— Task brief —
Could you set down the listing below exactly, leaving out its pictures?

━━ Provided data ━━

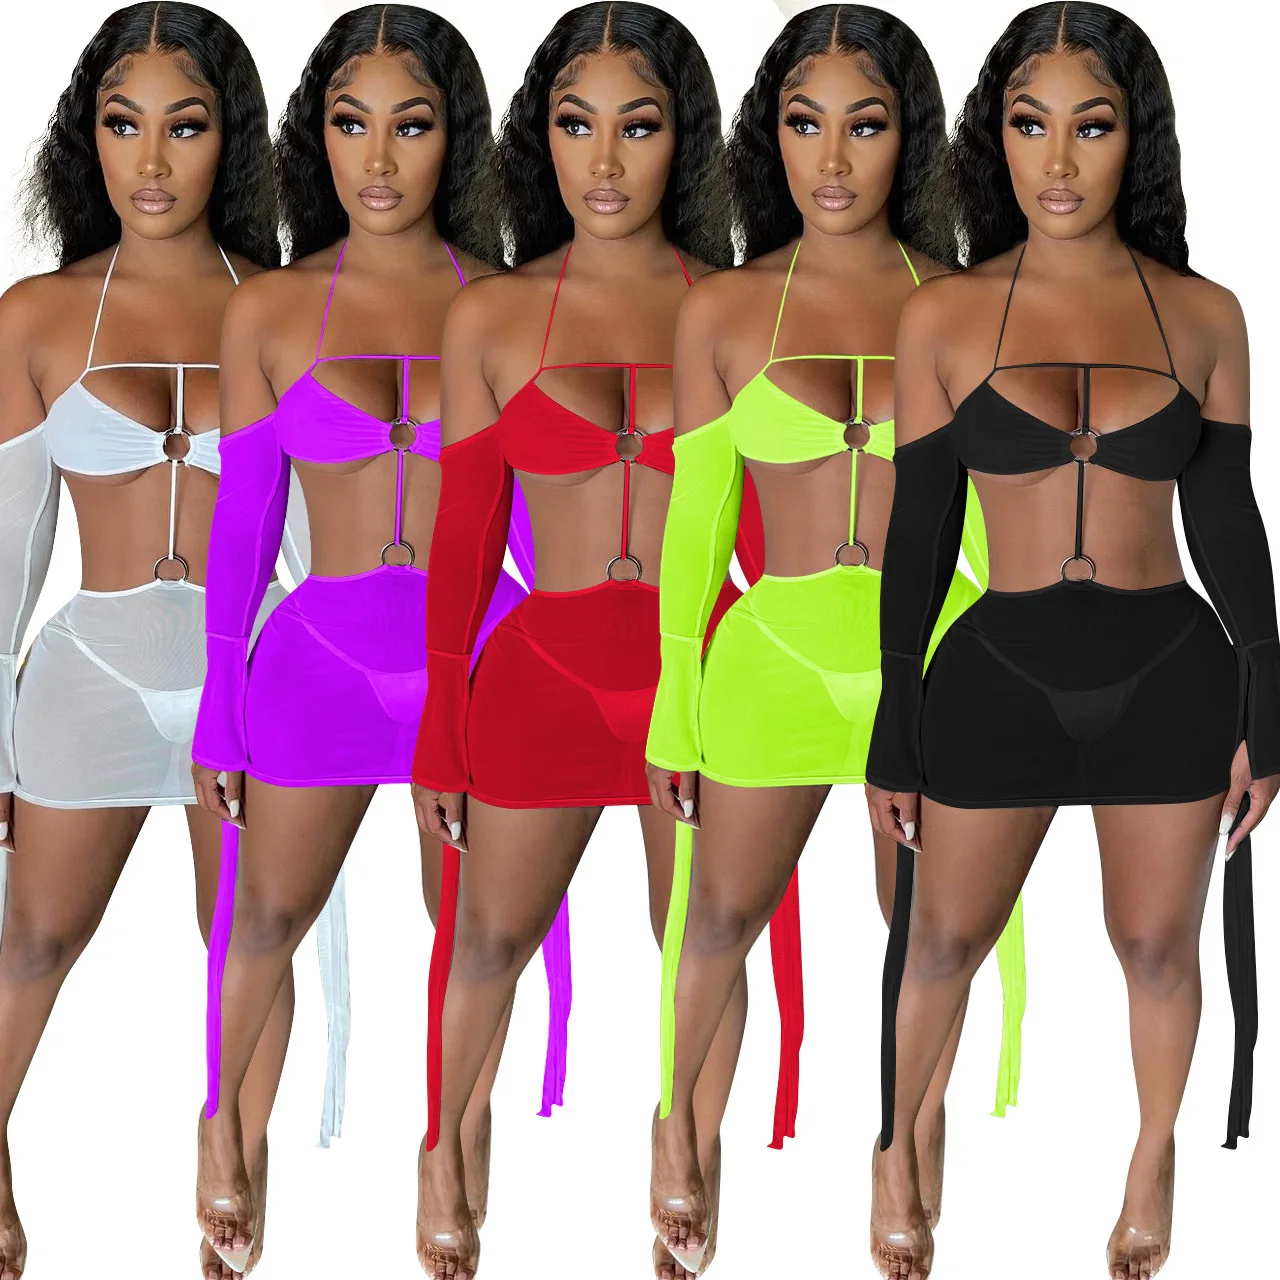 

Hot Selling 2021 Summer Club Wear Cut Out Dress Neon Color See Through Cross Front Halter Neck Dress, White, yellow, red, purple, black
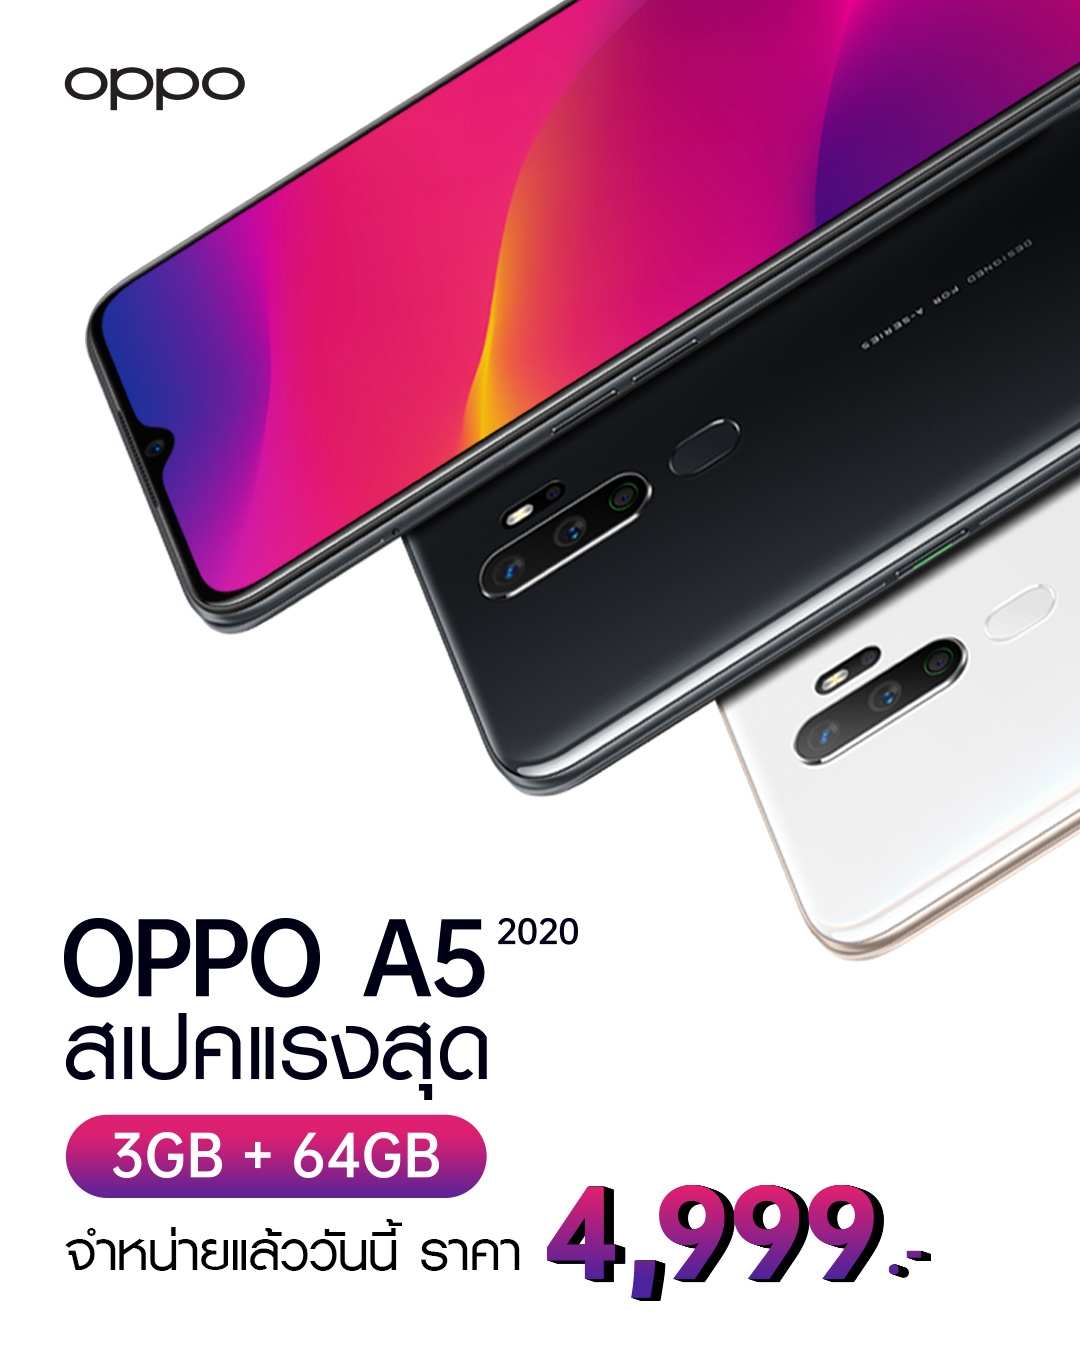 OPPO A9 2020 and OPPO A5 2020 News
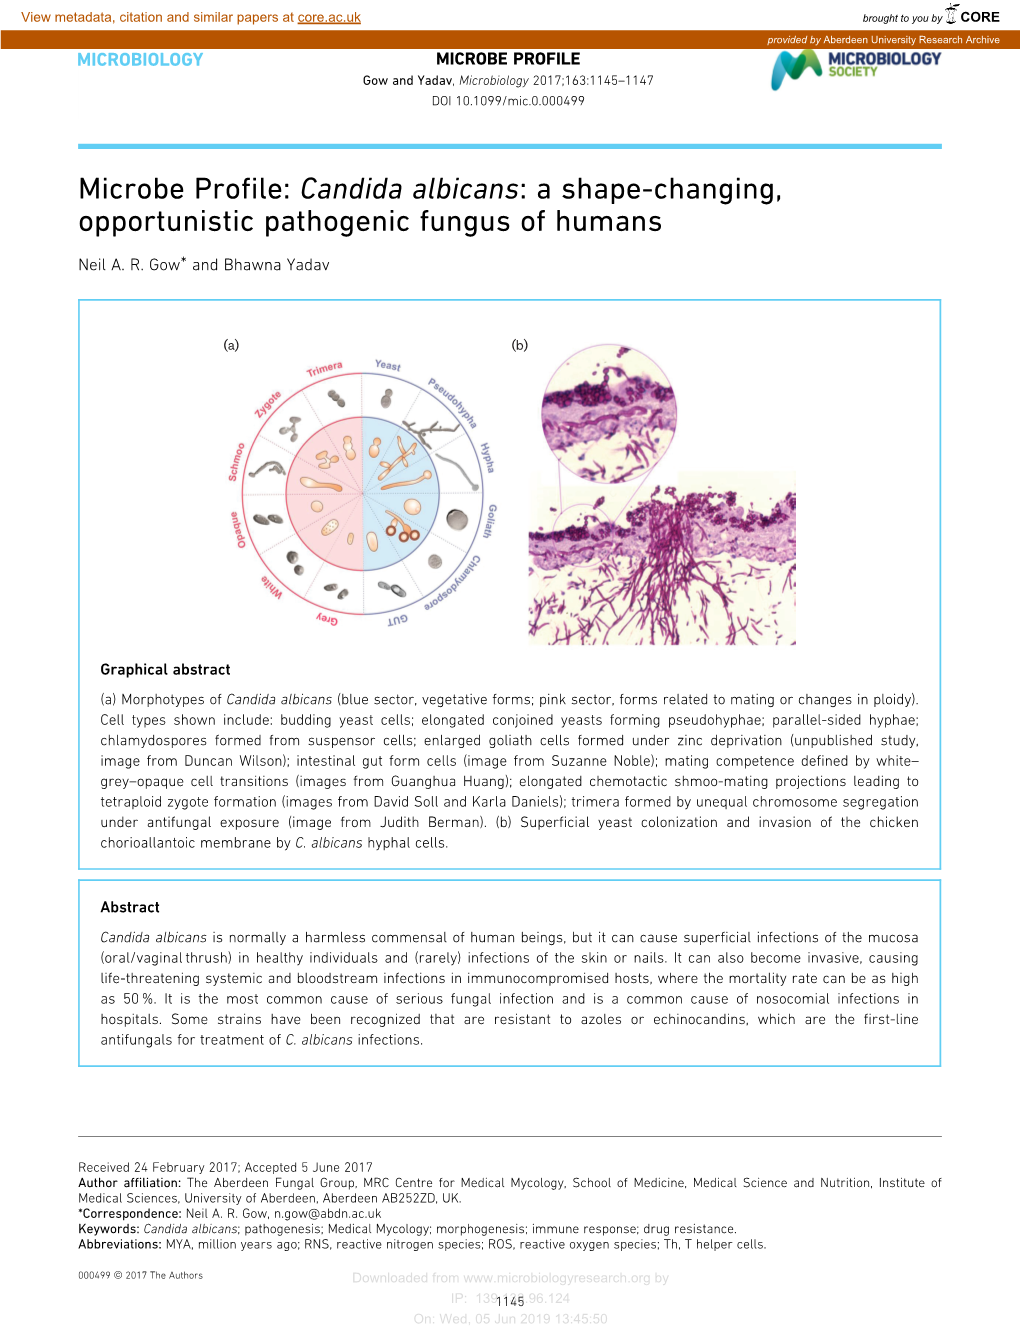 Candida Albicans: a Shape-Changing, Opportunistic Pathogenic Fungus of Humans
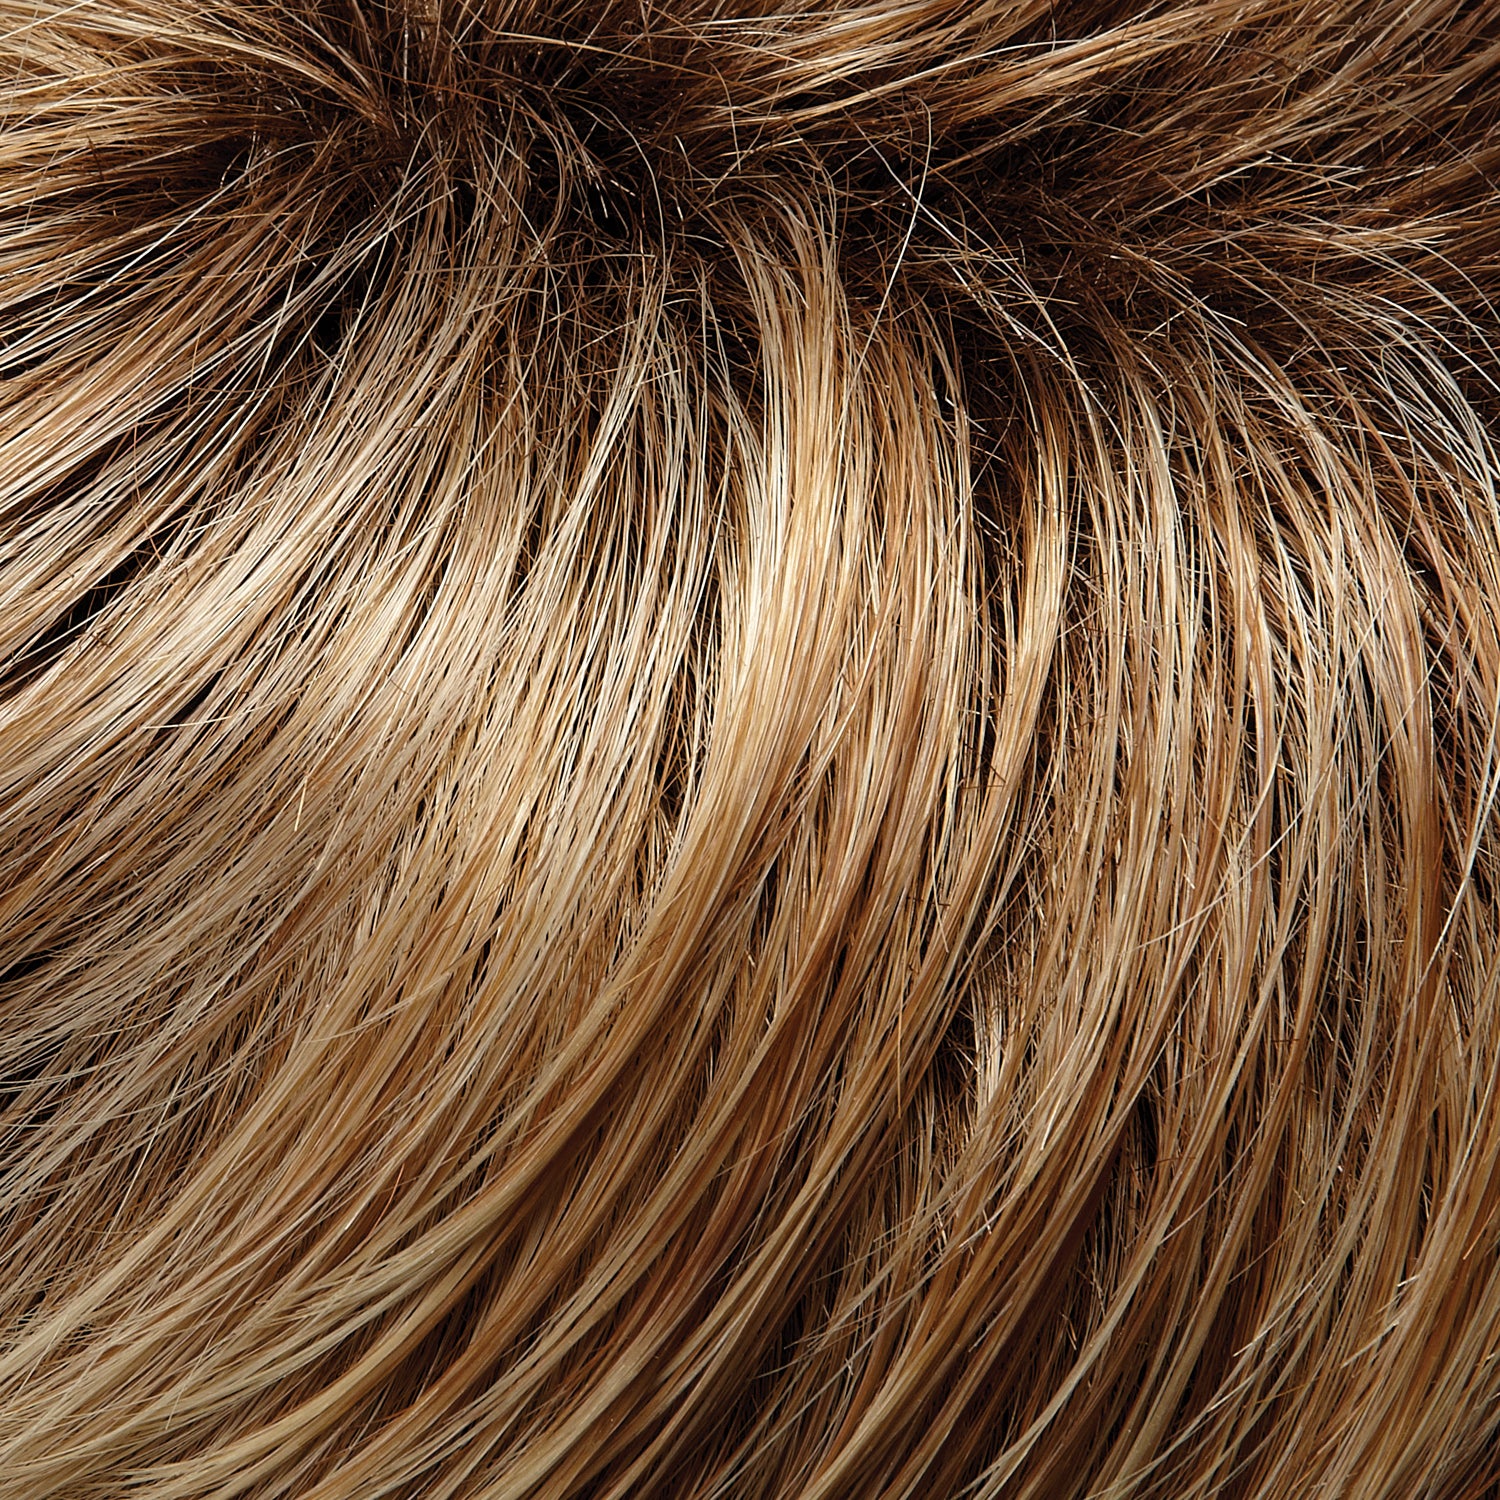 27T613S8 SHADED SUN Strawberry Blonde/Warm Platinum Blonde Blend, Shaded with Medium Brown

━━━

— Exercise solution —
Hot Selling 2021 Summer Club Wear Cut Out Dress Neon Color See Through Cross Front Halter Neck Dress, White, yellow, red, purple, black
 OPPO A9 2020 and OPPO A5 2020 News
 Candida Albicans: a Shape-Changing, Opportunistic Pathogenic Fungus of Humans
 27T613S8 SHADED SUN Strawberry Blonde/Warm Platinum Blonde Blend, Shaded with Medium Brown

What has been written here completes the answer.